В общей логике советской плановой системы решался вопрос и об авторских правах на кинофильмы: они принадлежали соответствующим киностудиям. Это по сей день создает огромное количество проблем, поскольку фильмы продолжают демонстрироваться, а их создатели – сценаристы, режиссеры-постановщики, операторы-постановщики, хотя и считаются авторами соответствующих произведений, но не получают за это никакого авторского вознаграждения. На все претензии им отвечают: «вы свое уже получили». Напротив, многие киностудии продолжают получать доход от использования фильмов, созданных на этих предприятиях в советское время, хотя сами уже давно ничего не производят. На мой взгляд, это явно несправедливая ситуация.

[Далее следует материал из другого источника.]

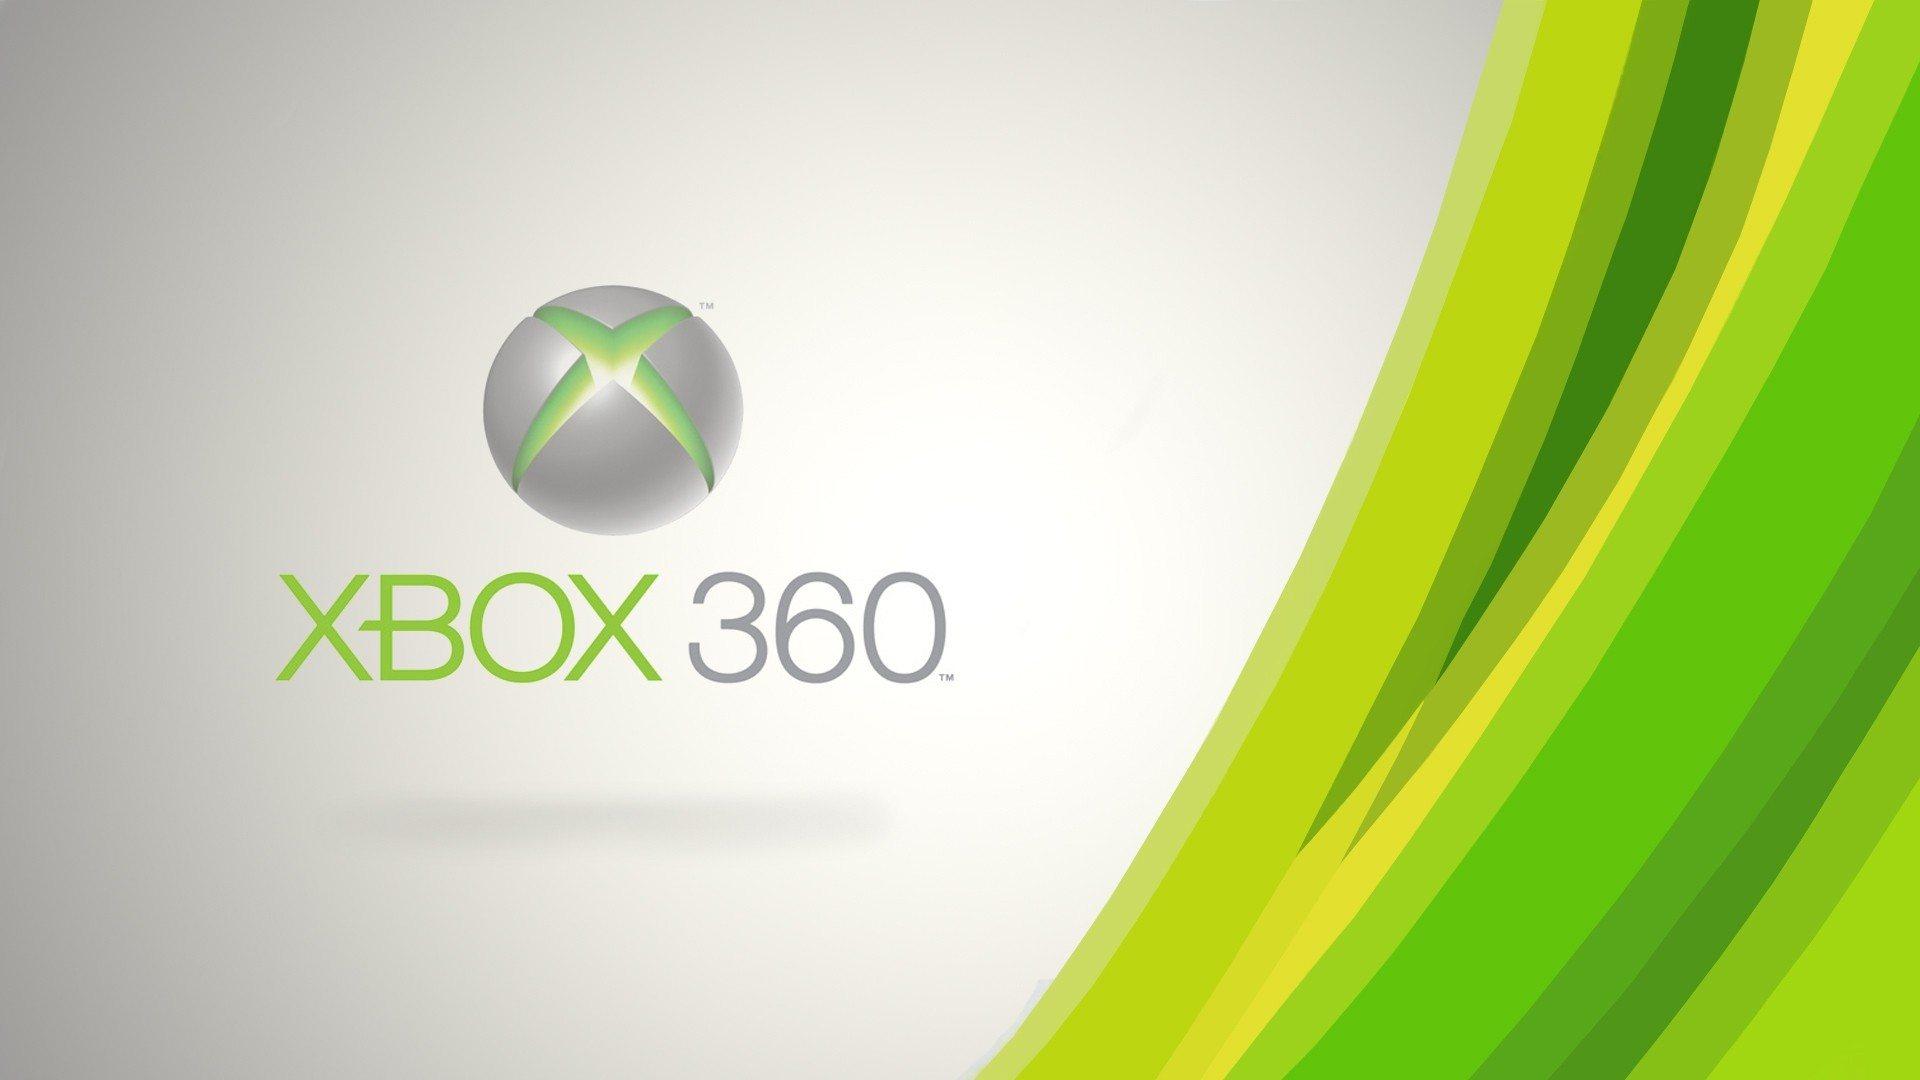 Xbox 360 Wallpapers Hd wallpaper   929458 1920x1080

До 1994 года мы категорически отказывались присоединиться к Бернской конвенции по охране литературных и художественных произведений от 1886 года, неоднократно пересматривавшейся и дополнявшейся на протяжении всего ХХ века. Причина была проста — нежелание платить авторское вознаграждение иностранным правообладателям, особенно за произведения, опубликованные до 1973 года. И даже присоединяясь в 1994 году к Бернской конвенции, наша страна сделала специальную оговорку, что Конвенция не будет распространяться на произведения, которые по российскому законодательству уже перешли в общественное достояние. Только в конце 2012 года Россия сняла запрет на ретроактивность.

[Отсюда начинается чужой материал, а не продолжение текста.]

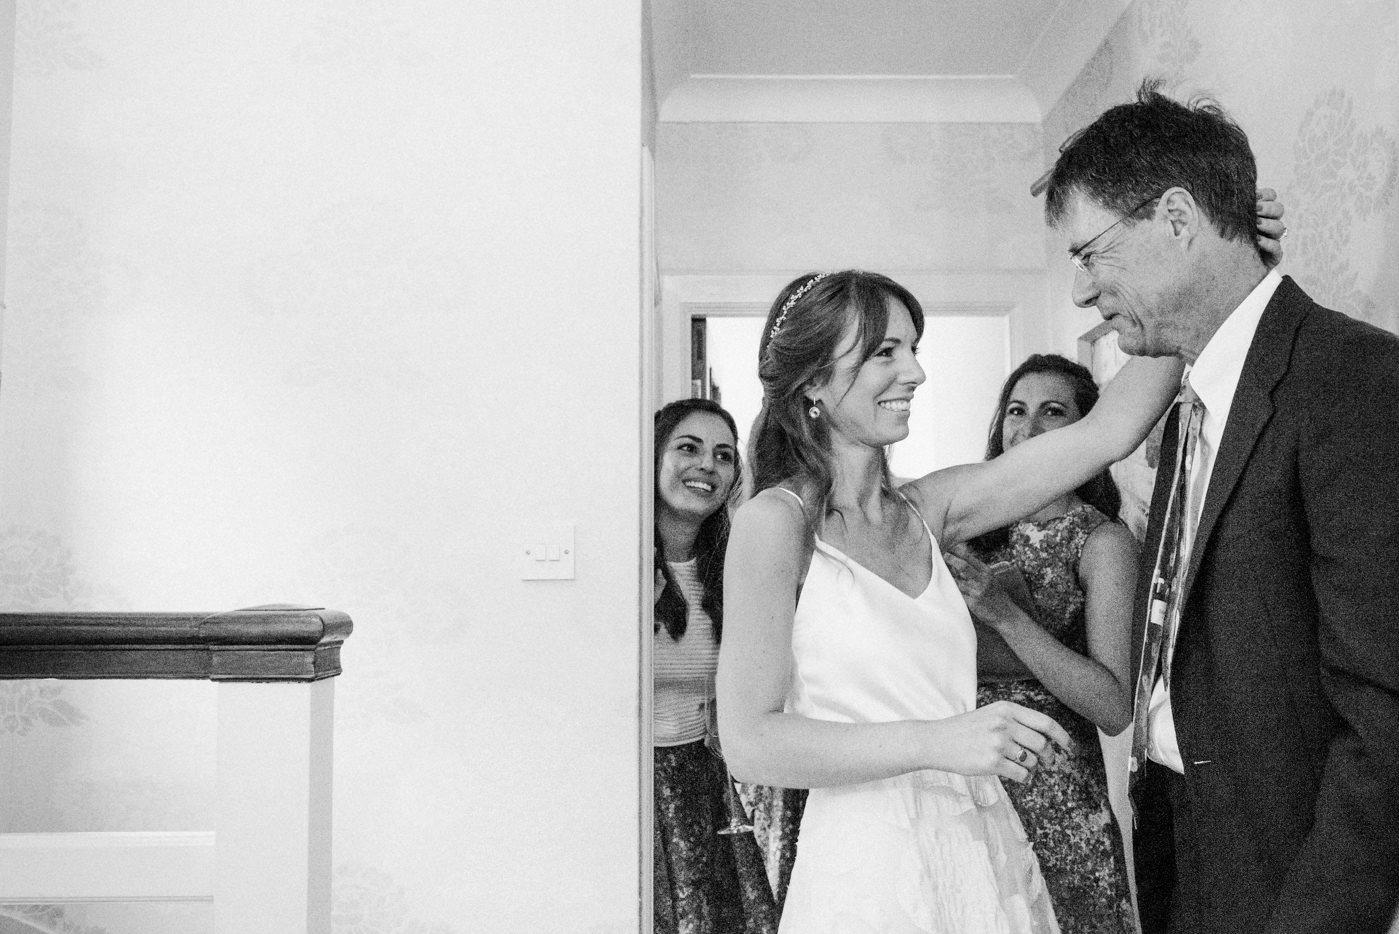 bignor-park-wedding-photography-robyn-and-tom-27

Помню полное недоумения выступление постпреда Чили на заседании Исполнительного совета ЮНЕСКО при обсуждении российского проекта резолюции о борьбе с пиратством в сфере интеллектуальной собственности. Он был потрясен тем фактом, что Россия, будучи государством — продолжателем Союза ССР, полностью отрекается от прежней линии на оправдание книжного и прочего пиратства и, напротив, призывает к решительной борьбе с этим злом. Действительно, до 1973 года бездоговорное использование произведений иностранных авторов было поставлено у нас в стране на широкую государственную ногу. Вот почему знающие люди называли предприятия по тиражированию копий кинофильмов «кинокопировальными фабриками».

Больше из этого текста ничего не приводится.